About Queens and street signs
Recently there’s been quite a bit of debate and disapproval in some quarters about a decision taken by the Port-of-Spain City Council to rename a street in the capital of Trinidad and Tobago. Actually, they’re not entirely proposing to rename the street currently called “Queen Street”. They’re just naming it after someone they regard as deserving of the honour; the 1977 Miss Universe winner Janelle Penny Commissiong.
The numerous negative reactions to this decision are perplexing. Immediately after announcing the proposed “name change”, many people started clutching their pearls and voicing their dissent. Letters to the editor were written. History “experts” found themselves on the television news talking about how sad it was that this change was happening. The Port-of-Spain (POS) City council was accused of the unforgivable crimes of trying to “erase” and “rewrite” history. And then came the barrage of Facebook posts talking about how history needs to be preserved, and so the city should find another way to honour Penny’s historic win.

It is a confusing task to attempt to understand why people are so emotionally affected by this. First of all, the street was never even named after an actual queen. That “Queen” could refer to Queen Victoria, Queen Elizabeth, the Queen of the Damned or Queen Cersei Lannister. No one can tell from its current name which queen it refers to. It is therefore a bit difficult to understand just about which portion of history is going to be forever permanently erased by adding a few names to a street sign.
Secondly, with all due respect to the POS City Council, I don’t think that they have the power to erase or rewrite a history as deeply and pervasively entrenched as our colonial history. They can barely manage to get the city to stop flooding when it drizzles. Sleep easy. Centuries of your beloved colonial rule, the relics of which you wish to preserve, will not be undone by the changing of a street name. We will still have English as our only official language, while looking down on Trinidadian Creole as a bastardised “broken” form of English, reserved for the uneducated. We will still have the completely useless, outdated and ill-fitting Westminster parliamentary and legal system, that even the Brits themselves have since adjusted to suit their modern needs. And we will still have other city streets that are arbitrarily and non-specifically named after British royal titles, such as “King”, “Prince” and “Duke”.
What I really want to know though, is why are you so mad about THIS? Why are you so upset about a poorly-named street, but you’re virtually silent about the fact that you can’t walk that street at night without the thought that your life is in danger?

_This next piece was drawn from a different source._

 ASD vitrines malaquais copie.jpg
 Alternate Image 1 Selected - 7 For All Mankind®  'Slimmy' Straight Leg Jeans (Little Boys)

Why are you so mad about an arbitrary land marker dedicated to the queen with no name, but you’re fine with our capital city being transformed into a disastrous swamp every time a cloud passes over POS? Why are you so hot and bothered about adding some words onto a street sign, but you’re cool with our city streets routinely being decorated with an assortment of trash and smelly human waste, left by the homeless persons who sleep on them? Why all the sudden outrage about this “erasure” of history, but you have nothing to say about the fact that thousands of children leave our primary AND secondary schools yearly, not even knowing the basics about our nation’s history? The logic behind your selective indignation is mind boggling.

What some people don’t seem to get is just how much the history they wish to preserve, STILL contributes to the exclusion and oppression of many people currently residing in sweet T&T. For many of the descendants of European-owned slaves and indentured servants, we have great difficulty looking at that gruesome portion of our country’s history and feeling any sense of warm nostalgia. Many of us are still very much negatively affected by the systems, ideologies and inequalities entrenched by colonial rule. So please forgive us if we do not understand why we need to preserve the monuments dedicated to royals who pleasurably presided over our subjugation.
As a decolonisation effort, this name adjustment is cosmetic at best, but it’s definitely a step in the right direction. Being the first black woman to win a global pageant of that magnitude was a major achievement in 1977, given that the idea that beauty comes in different shades and colours, was even less pervasive then, than it is today. As we are no longer politically tethered to any major global superpower, we need to constantly remind ourselves that though we may be small and perhaps insignificant, we still can contribute to positive changes occurring across the globe. This is a great way to remind us of that.